I'd love to finish off the bike with all XT components if possible (or any suggestions of comparable quality). I am not partial to original era equipment (as seen by the brakes and levers lol) and must apologize to all the purists. 

The info. I guess I like to know is what (or how) do I know what pieces fit? I did run a Google/Yahoo and forum search and am still clueless lol. I am looking to upgrade the following:

1. New XT Cranks and front chain rings and bottom bracket. How can I tell what fits?

2. XT front derailleur (not too sure it it's necessary as the LX works flawless... The tube diameter is 28.6 btw)?

3. New XT rear derailleur? 7-Speed but aside from NOS what options are there?

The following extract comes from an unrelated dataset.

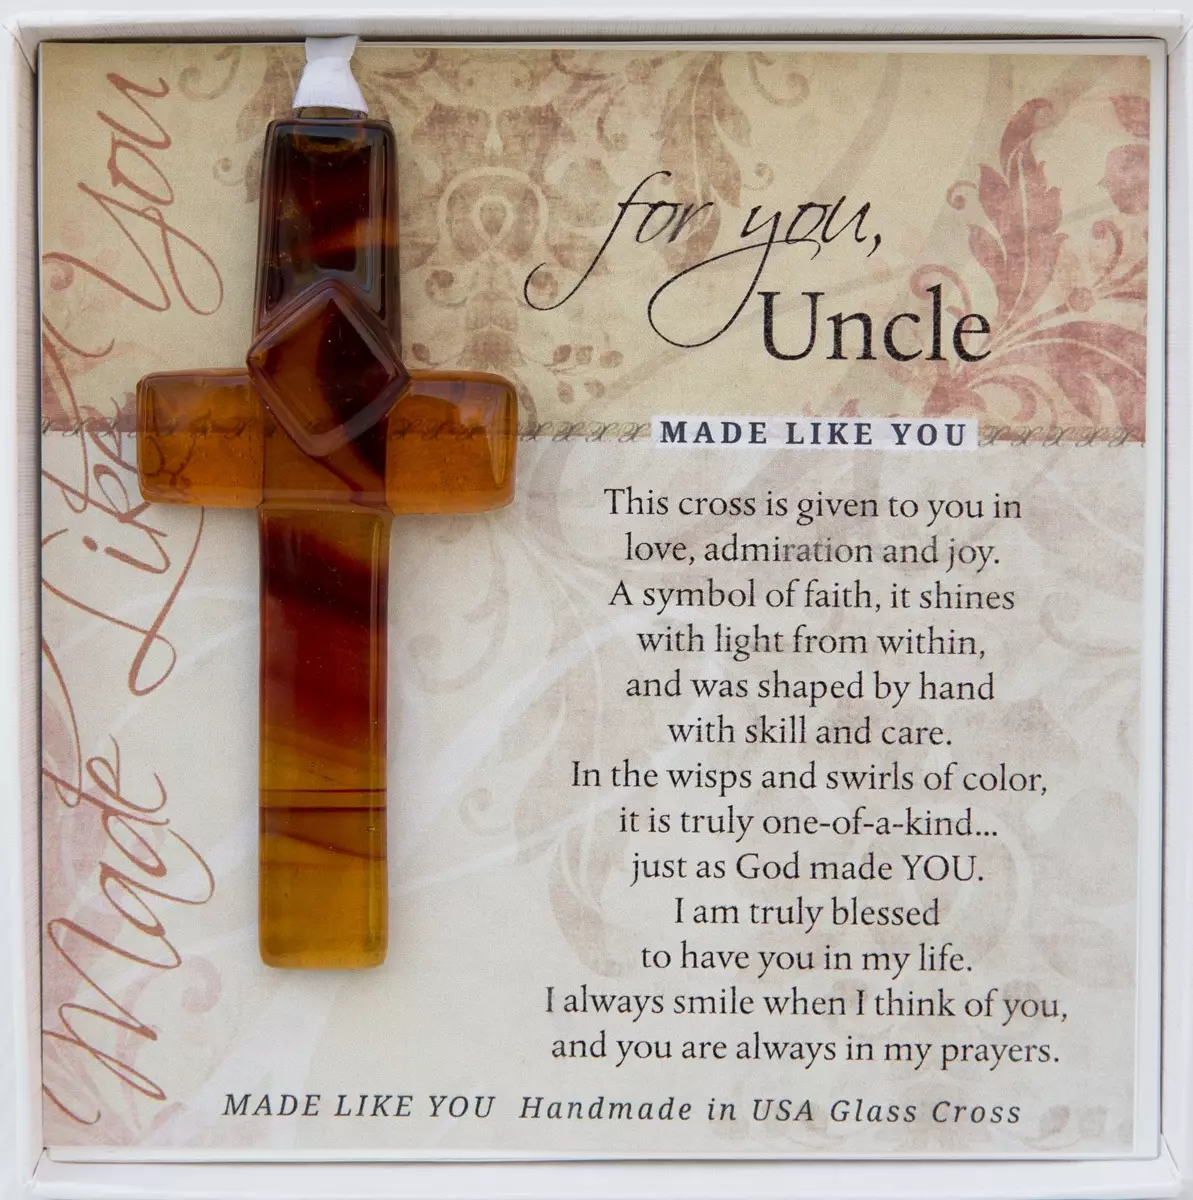 The Grandparent Gift Co. Beautiful Handmade Cross With Sentiment

4. Any other fork options? I really enjoy the stock fork but am always curious about variety or just in case it ever breaks? Thanks.

5. The seat post is 26.4 and is a bit scratched.. Any high quality replacements available? All I could find is cheapies on Ebay?

Any other suggestions are greatly appreciated! Thank all of you so much in advance for this great forum and for any insight in advance,

Jason 

Edit:
Please see next post for pictures. Thanks. (Had to re-size them as they were huge and took up the whole screen, lol!)

More pictures can be found in my photobucket account: https://s118.photobucket.com/albums/o102/foolintherayn/?action=view&current=IMG_2282.jpg


----------



## Plusti (Apr 22, 2008)

*Pictures.*

Hi,

I just took a look at my original post and realized that the pic's were huge! Yikes!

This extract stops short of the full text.